The living (called "the quick") are a minority in High Cromlech. Most are apparently bred and raised on "farms", and are eventually "snuffed and recast as zombies." Some are reared by the thanati, to be "slain and welcomed to dead society" once they come of age. A small fraction of the living are born free, however, and these survive by doing work that is too skilled (or too dangerous) for semi-sentient zombies. Zombies would seem to be High Cromlech's primary workforce.

At the bottom of High Cromlech's social ladder are the "vampir", which are referred to as "ab-dead" to distinguish them from the thanati. Based on Doul's description, the vampir are apparently considered little more than vagrants and addicts. He depicts them as living in  shanty towns, coming out at night to beg the living for blood.

 Khadoh  Khadoh's merchants trade with New Crobuzon.

 Maru'ahm  Maru'ahm is apparently found on the western side of the Rohagi continent, beyond the Cacotopic Stain. In Perdido Street Station, it is said to be ruled by a casino-parliament, "where laws were stakes in games of roulette." This rumor is affirmed in Iron Council, where a character who visited Maru'ahm claims he played for such stakes as property laws and "a whole pot of legislation." This same character mentions a queen and "cardsharp senators", implying that Maru'ahm's government is some form of constitutional or elective monarchy.

 New Crobuzon  The city-state of New Crobuzon is a major plot device for all three of the Bas-Lag novels, and a substantial part of the Bas-Lag setting. It is situated at the confluence of the Rivers Tar, Canker and Gross Tar, about ten miles (16 km) west of the Swollen Ocean. Though a self-styled parliamentary republic, New Crobuzon's government more closely resembles an oligarchy with strong imperialistic ambitions. The political system of New Crobuzon is hugely biased towards the human majority and only those ranked higher in society, along with a few others elected in a "suffrage lottery" are allowed to vote. The "Fat Sun" party rules in all the Bas-Lag novels, but other political parties include the xenophobic "New Quill" (called "Three Quills" in Perdido Street Station) and the xenotolerant "Diverse Tendency"

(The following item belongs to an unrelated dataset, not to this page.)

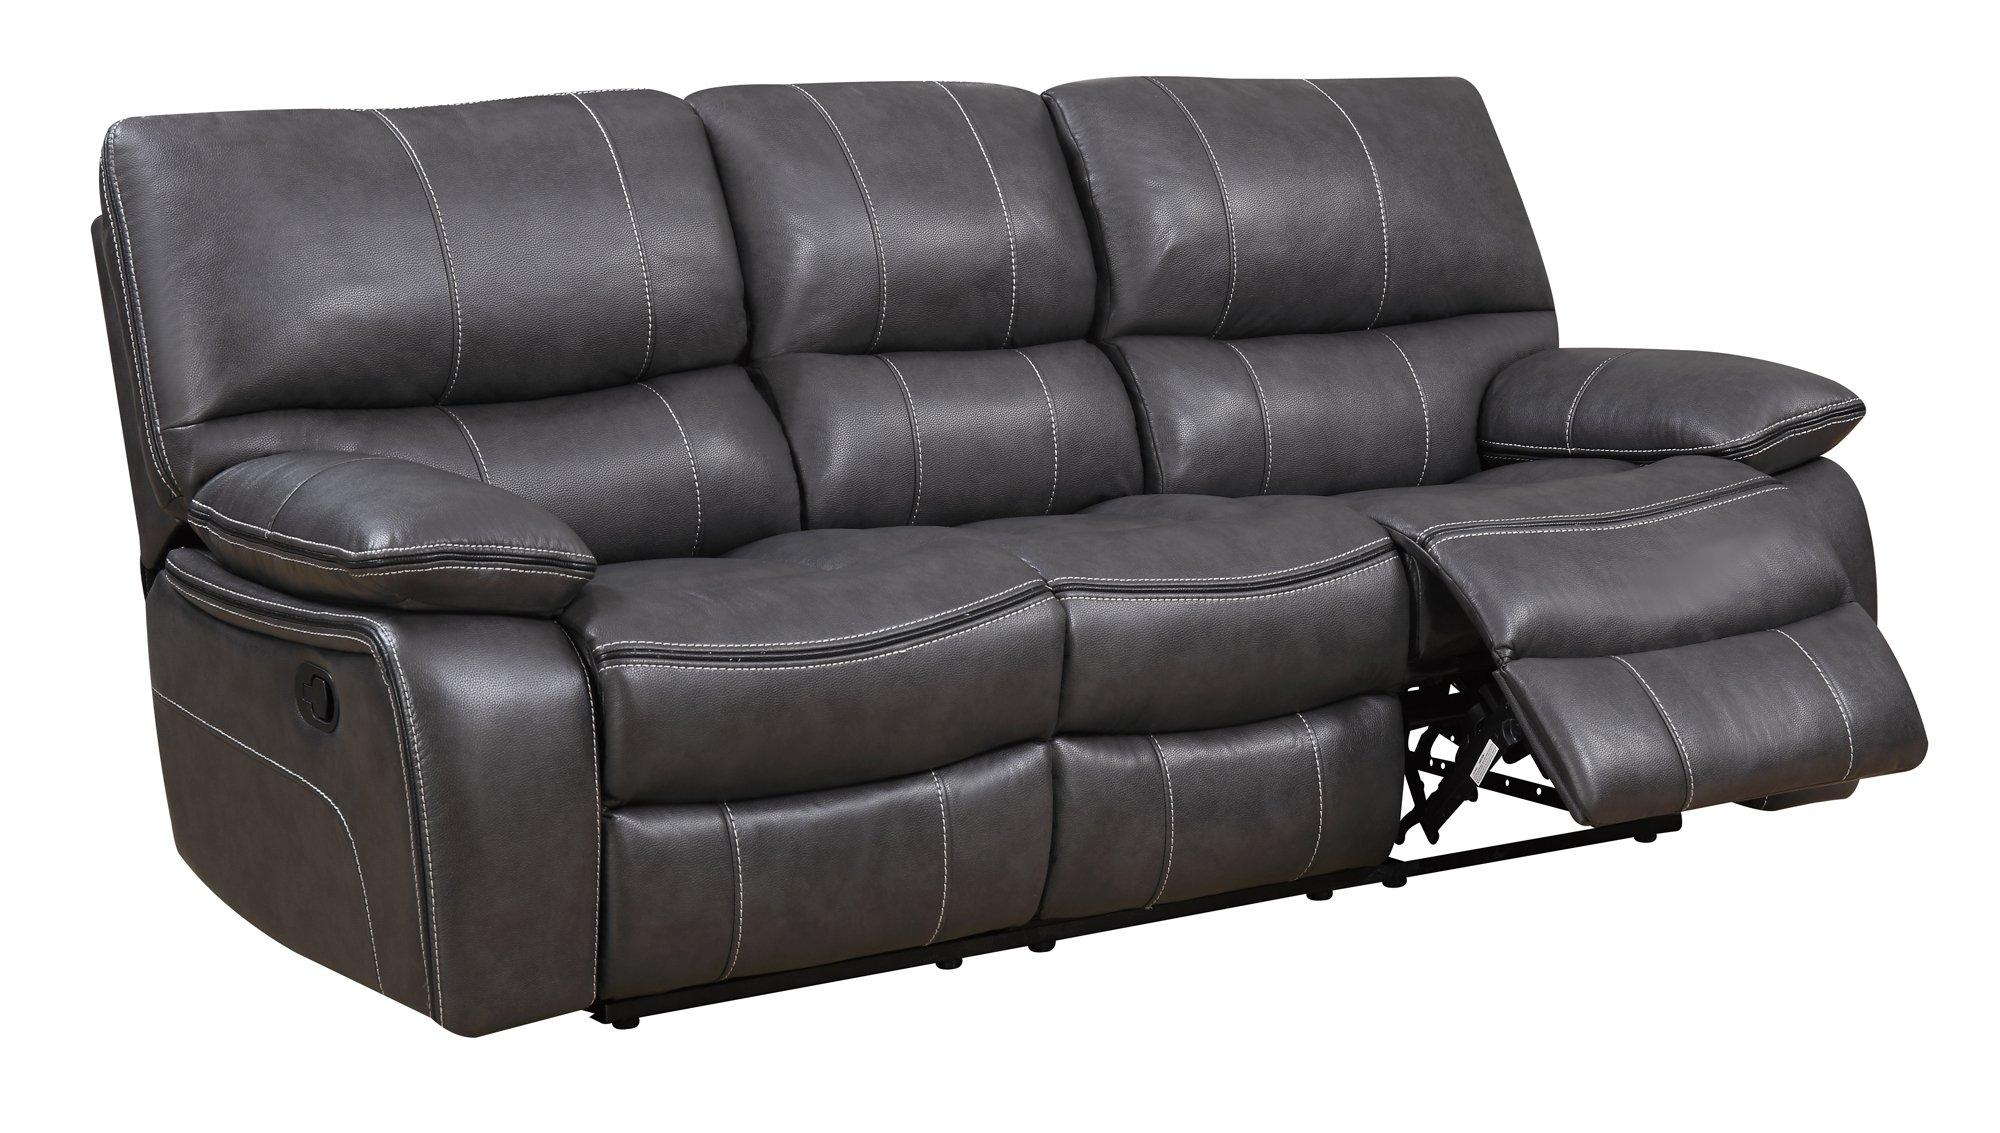 U0040 Grey/Black Leather Air Reclining Sofa by Global Furniture

 The protagonist in The Scar calls New Crobuzon the greatest city in Bas-Lag, but her opinion is substantially biased. Nevertheless, New Crobuzon is certainly one of Bas-Lag's most economically and militarily powerful states. In The Scar, it is capable of dispatching a fleet halfway around the world to combat the pirate-city of Armada. In Iron Council, it carries out a protracted war with the distant city-state of Tesh, and crushes an internal rebellion through force of arms.

 Qé Banssa  Qé Banssa is built upon the sloping peaks of Dancing Bird Island. It is called a "poor, ugly little fishing port" by a protagonist in The Scar. As with Tarmuth, Qé Banssa seems to survive by dint of New Crobuzon's good will.

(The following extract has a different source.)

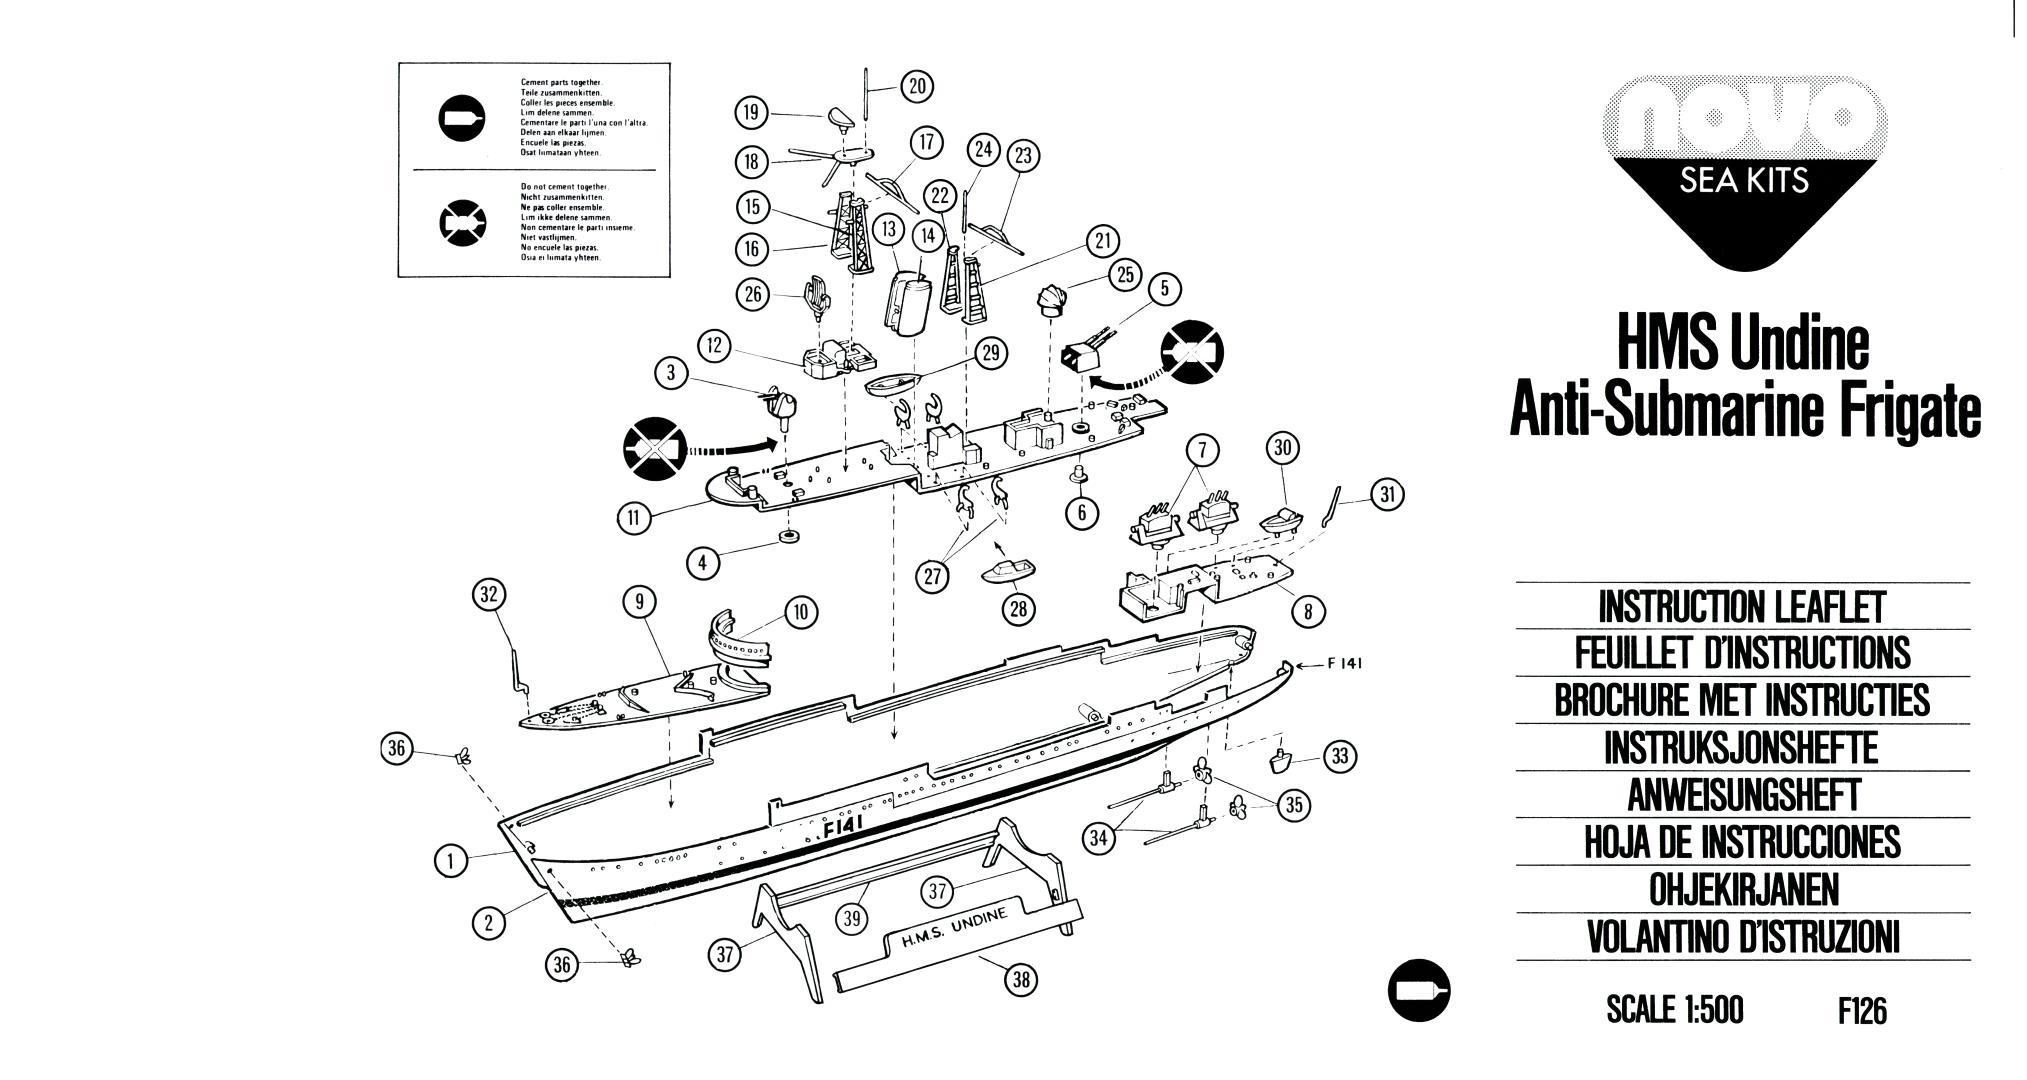 Инструкция NOVO Toys Ltd F126 Cat.No.76029 HMS Undine Anti-Submarine Frigate

 Salkrikaltor  The Cray Commonwealth of Salkrikaltor is found beneath the waves of the Swollen Ocean, far east of New Crobuzon between the islands Bartoll and Gnomon Tor. Salkrikaltor and New Crobuzon are described in The Scar as being trading partners on amiable terms.

 The capital of the Commonwealth is Salkrikaltor City. Most of Salkrikaltor City is located underwater, though there is a "topside" district for non-aquatic creatures that seek to do business with the cray. The submerged part of the City is described in The Scar as "convoluted and interconnected", with "little squares of seaweed topiary" and "coral courtyards." The above-water district is described as consisting mostly of towers carved from rock and coral, "a mass of contrary styles", with floating platforms and buildings suspended by struts and columns.

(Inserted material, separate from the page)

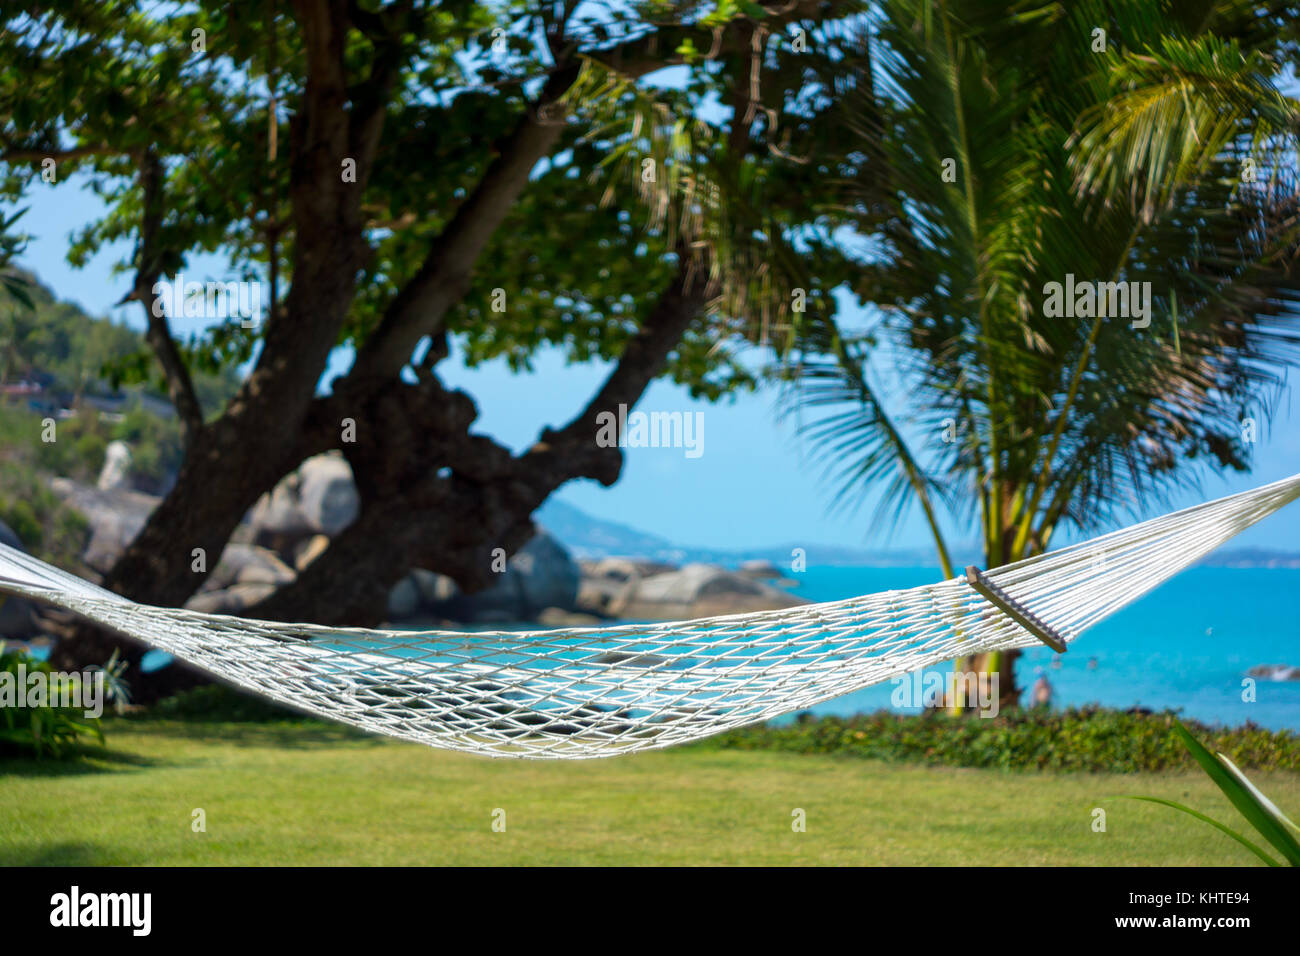 Island Palm Tree Hammock Resort Stock Photos Amp Island Palm

 Suroch  Suroch was a city which fought and eventually lost a series of wars against New Crobuzon known in the latter as the Pirate Wars.  Throughout the time period covered by the plots of the Bas-Lag novels, Suroch has already been destroyed and rendered uninhabitable by the effects of magical weapons of mass destruction, the "colourbomb" and devices making use of the Torque.

Suroch is the only place in the novels with a Torque contamination similar to that of the Cacotopic Stain, though Torque storms are said to appear randomly. Mentions have been made – especially in Perdido Street Station – of "Cockroach Trees" in Suroch and "Herds of what might once have been human". The publishing of heliotypes of the Torque contamination in the illicit Sacramundi report put an end to Torque experiments in New Crobuzon.

 Tarmuth  Tarmuth is situated at the mouth of the Gross Tar River, on the coast of the Rohagi continent about ten miles (16 km) east of New Crobuzon. The protagonist in The Scar describes it as "an ugly, violent town" used by privateers and freebooters as safe harbor. Besides "prostitution and piracy", Tarmuth survives by manufacturing ships, and exists thanks to New Crobuzon's patronage.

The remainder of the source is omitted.